## Black box approach to optimization

To  learn convex optimization methods and stack this structure in my head, I decided to write the material down by topics. The focus will be on (constrained) large-scale, or dimension-free, optimization corresponding to first-order methods, with applications to machine learning in mind. I don’t pretend to original contribution here; the material will be taken from the [Bubeck], [Nesterov], and [Nemirovski].

In this post we introduce the main framework we will subsequently be working with, the so-called black box model.

Suppose that we are given an optimization problem of the form

$\displaystyle \min\, f(x)$

$\displaystyle \text{s.t. }\, x \in \mathcal{X} \subset \mathbb{R}^n,$

where  $f$  will always be a convex function, and  $\mathcal{X}$  a convex and compact (i.e. closed and bounded) set with non-empty interior. Let  $f^*$  denote the unknown minimum value, or the problem value.

We will study  problem classes, each being a subset of problems characterized by some restrictions on  $f$ and characteristics of  $\mathcal{X}$  (for example,  $f$  is bounded by some constant  $B,$  and  $\mathcal{X}$  is contained in a euclidean ball with radius  $R$).  The  black box model  is then constructed as follows. Assume that an  oracle   $\mathcal{O}$   is given, that is, a “machine’,’ which for any query point $x \in \mathcal{X}$  provides an answer with some information on  $f$ in this point (e.g. the value of  $f$).  To solve the problem up to the desired accuracy level  $\varepsilon,$  we employ some algorithm which will always take the following form:

1. Query the oracle at the point  $x_s.$
2. Using the information to date, do the following. Check the termination condition:
• “Yes” -> output the guess on the  minimum value  $f^*$  and terminate;
• “No”  -> chose a new point  $x_{s+1}$  and go to 1.

We hope that the output of the method will at some point find a nearly optimal point (such that the value of the objective function in it differs from the problem value by no greater than $\varepsilon).$ ‘Information to date’ implies (1) the information from all of the previous oracle responses, and (2) the full information on  $\mathcal{X}.$

Definition  (Oracle complexity of the problem class)

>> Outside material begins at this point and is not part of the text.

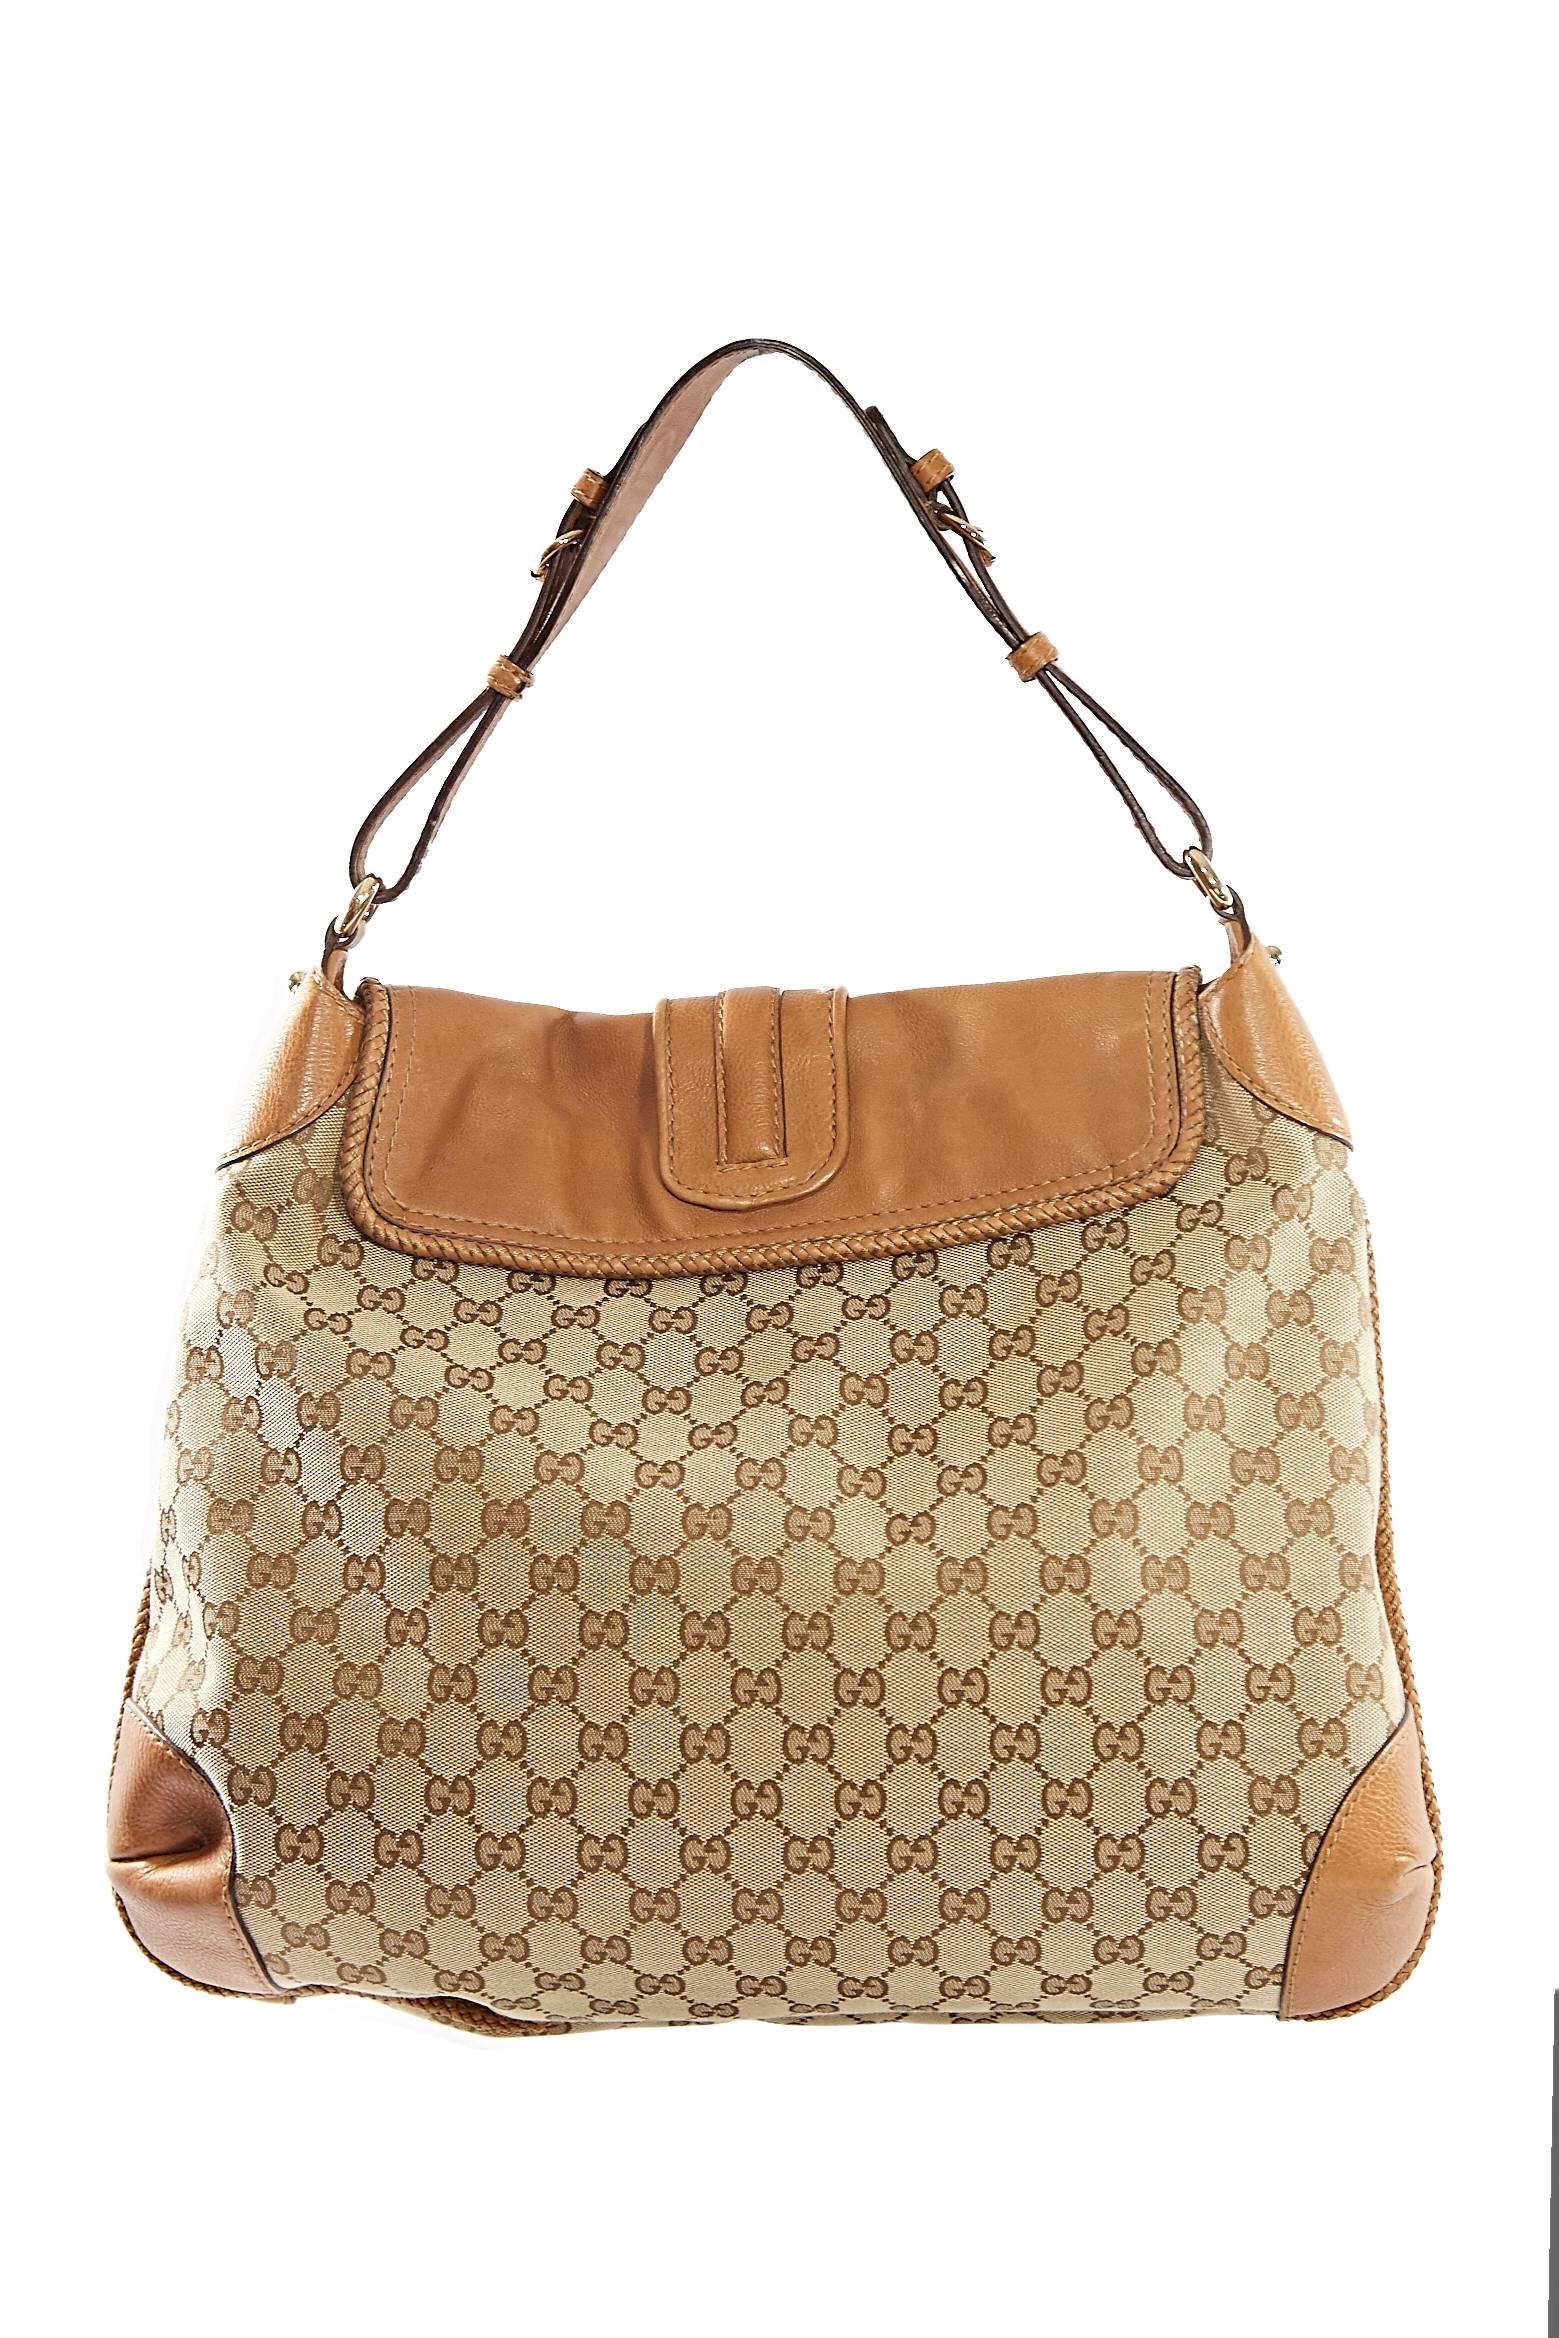 Gucci Tan Canvas Monogram Bag. Tan leather trim, braided detail. Hobo style.

Oracle complexity of a problem class  $\mathcal{P}$  (with respect to the oracle  $\mathcal{O}$)  is

$\displaystyle \mathcal{C}_\mathcal{P} (\epsilon) = \min_{M \in \mathcal{M}_\mathcal{O}} \max_{P \in \mathcal{P}}\, C(M, P, \varepsilon)$

where  $C(M, P, \varepsilon)$  is the number of queries to  $\mathcal{O}$  which a method  $M$ commits to solve the problem instance  $P$  up to the accuracy level  $\varepsilon.$

For a given class  $\mathcal{P},$  often the “reasonable” oracle  $\mathcal{O}$  is determined by it (and therefore we omit $\mathcal{O}$ in the complexity notation, slightly confusing the notation). With fixed problem class and oracle,  $\mathcal{C}_\mathcal{P}(\varepsilon)$  is, of course, a decreasing function of  $\varepsilon.$

The study of a class  $\mathcal{P}$  usually consists in providing the upper and lower bounds on its oracle complexity  $\mathcal{C}_\mathcal{P}(\varepsilon)$  as a function of  $\varepsilon.$  If they coincide up to a multiplicative constant (which may depend on every quantity here except for $\epsilon$), then  $\mathcal{P}$  is considered to be fully studied.

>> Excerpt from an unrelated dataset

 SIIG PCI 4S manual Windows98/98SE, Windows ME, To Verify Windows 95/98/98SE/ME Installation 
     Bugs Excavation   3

Upper and lower bounds are provided differently. An upper bound may be given by some fixed method for which it may be proved that the method performs not more than a given number of oracle calls,  for a fixed  $\varepsilon,$  for any problem of the class. A lower bound provides a problem instance from  $\mathcal{P}$  which takes not less than some specified number of oracle calls, for any method to be used. Besides that, bounds are proved with the adversary idea, namely, that a hard problem instance may be built gradually as the method calls the oracle (it is easier to play for the adversary since he makes the second step in this two-step game, that is why such bounds are lower bounds).

As previously noted, our interest will be in huge-dimensional problems meaning that the dimension of the problem class  $n$  may be very large (from ten thousands to billions and more). Here the situation is as follows. One may often get upper and lower bounds on complexities with the same dependence on $\epsilon$ but with multiplicative constants growing with  $n.$  Whereas for many problem classes these constants grow dramatically fast (exponentially and even faster) with $n,$  it occurs that for some of them (essentially when the first-order information about the function is disposable), one may come up with lower bounds are independent of the problem dimension. Given such lower bounds, the challenge is in proving dimension-free upper bounds by discovering the corresponding ([almost] dimension-free) efficient methods.